Organisation
The KAAK's work in four regions of the world is carried out or supported by more than 20 permanent researchers, infrastructural, technical and administrative staff as well as by additional third-party funded employees. The KAAK offers an extensive research infrastructure with a library, editorial team, archive and guest rooms.
About Us
In its work, the KAAK focuses on regions outside Europe, with a particular focus on Latin America, Africa, Asia and Oceania. Our research covers the entire spectrum of the history of anatomically modern humans from their earliest beginnings in the Middle Palaeolithic (250,000 years before today and earlier) to modern times. We conduct, promote and publish archaeological research in our regional areas. By working in previously rarely studied and extremely diverse regions, we research a wide variety of possible social, cultural and technological developments. However, not only the geographical range of our field work is crucial, but also the general expansion and opening of the perspective of traditional German archaeology. In view of the very different depths of scientific knowledge across large areas, the KAAK is particularly involved in archaeological base research in the various host countries on the one hand and, on the other hand, our researchers work within the DAI on overarching themes that can also have a direct bearing on the present.
How We Are Organised
Our research in four non-European regions of the world (Latin America, Africa, Asia, Oceania) is led by eight scientists who are supported by an extensive research infrastructure. These are supported by eleven additional scientific and technical employees, who primarily cover the areas of surveying and data curation, IT and publications/editorial office, as well as the library, archive and administration. Other scientists are involved in the work of the KAAK through third-party funded projects.

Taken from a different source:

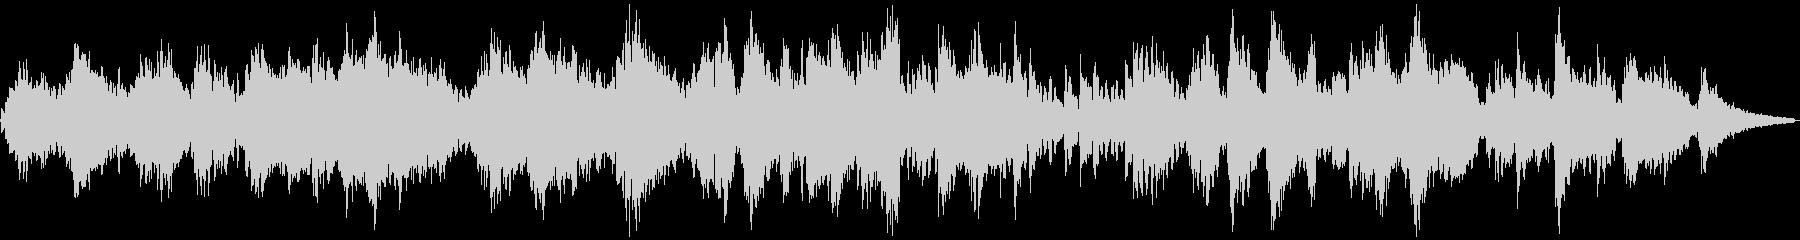 癒されるローズピアノサウンドの未再生の波形
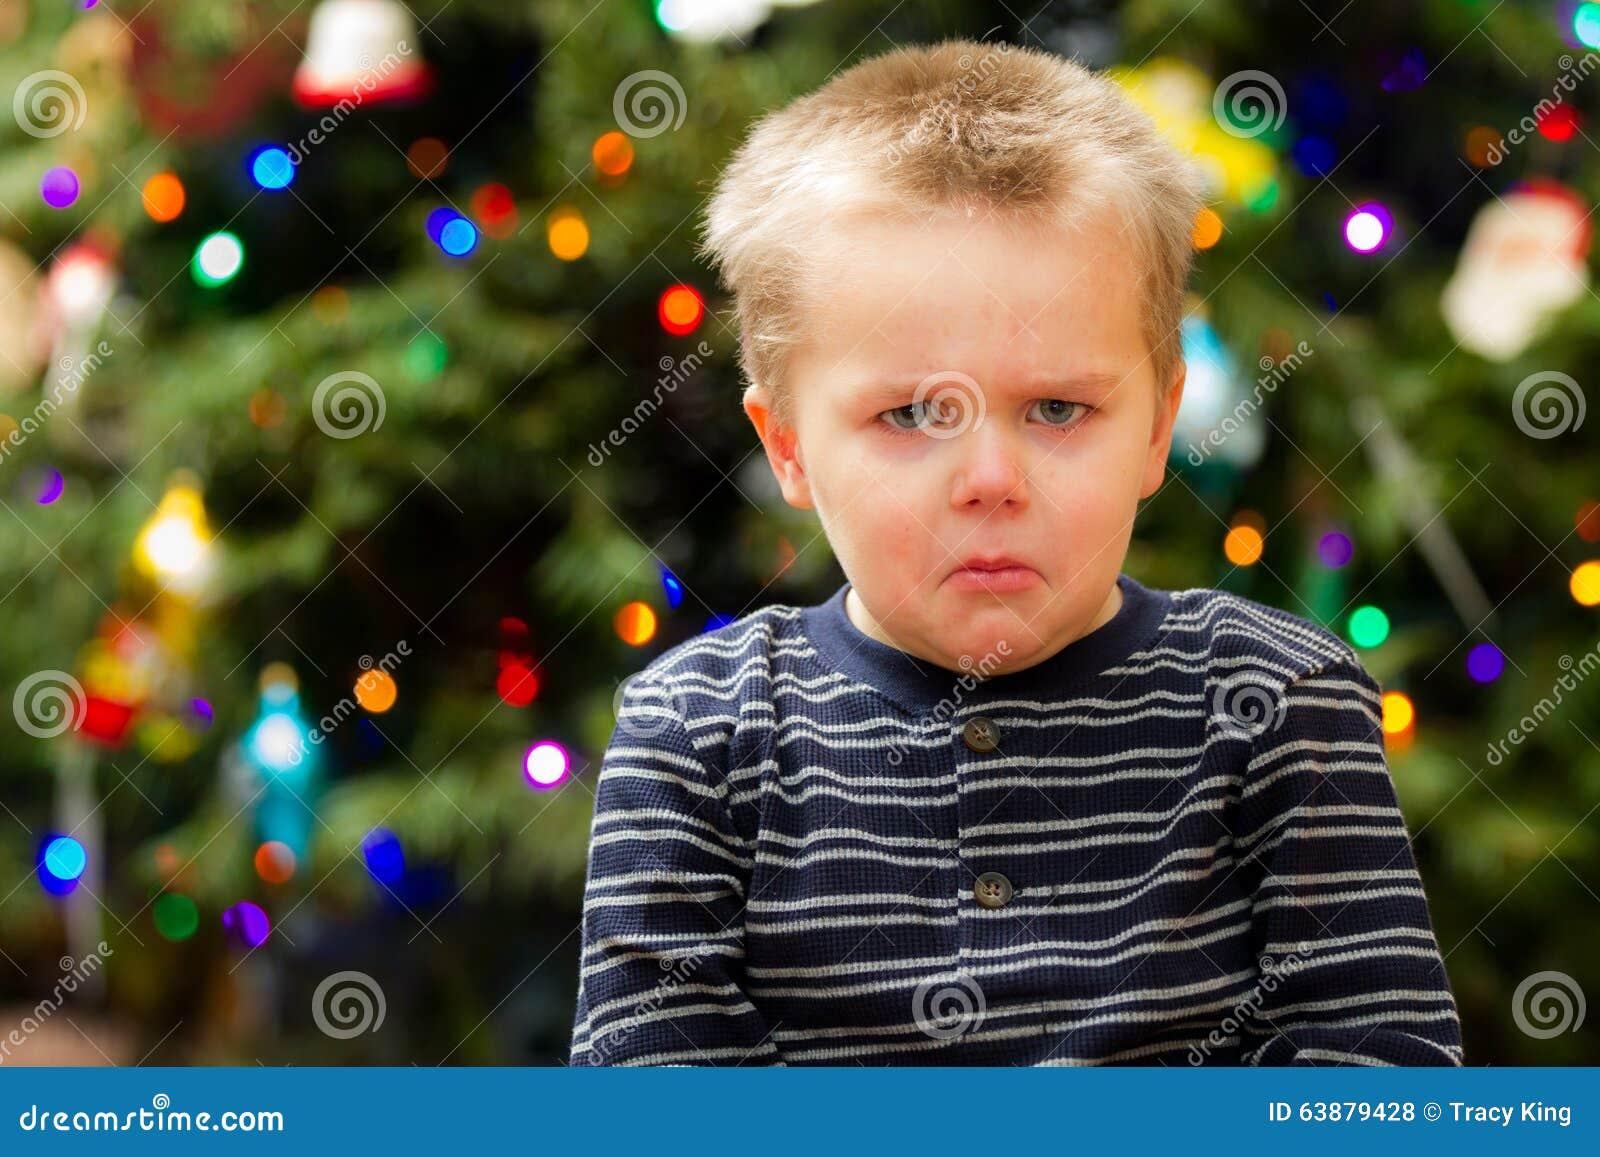 Very Sad Christmas For This Guy Stock Photo - Image: 63879428

The core of our work unit is an extensive library that brings together collections on the archaeology and older art history of Latin America, Africa and Asia, which are unique in Germany, with a focus on East Asia, South and Central Asia. The KAAK has an extensive archive, which is continuously digitized and made freely accessible to the public. The KAAK also has an in-house editorial team that publishes both a series of monographs (FAAK) and the magazine JoGA.
The KAAK maintains a research office in Ulaanbaatar in Mongolia, which offers living and working opportunities for scientists for longer research stays and also serves as a base station for ongoing DAI research in Mongolia. The purchase of the apartment was possible thanks to generous support from the Theodor Wiegand Gesellschaft e.V.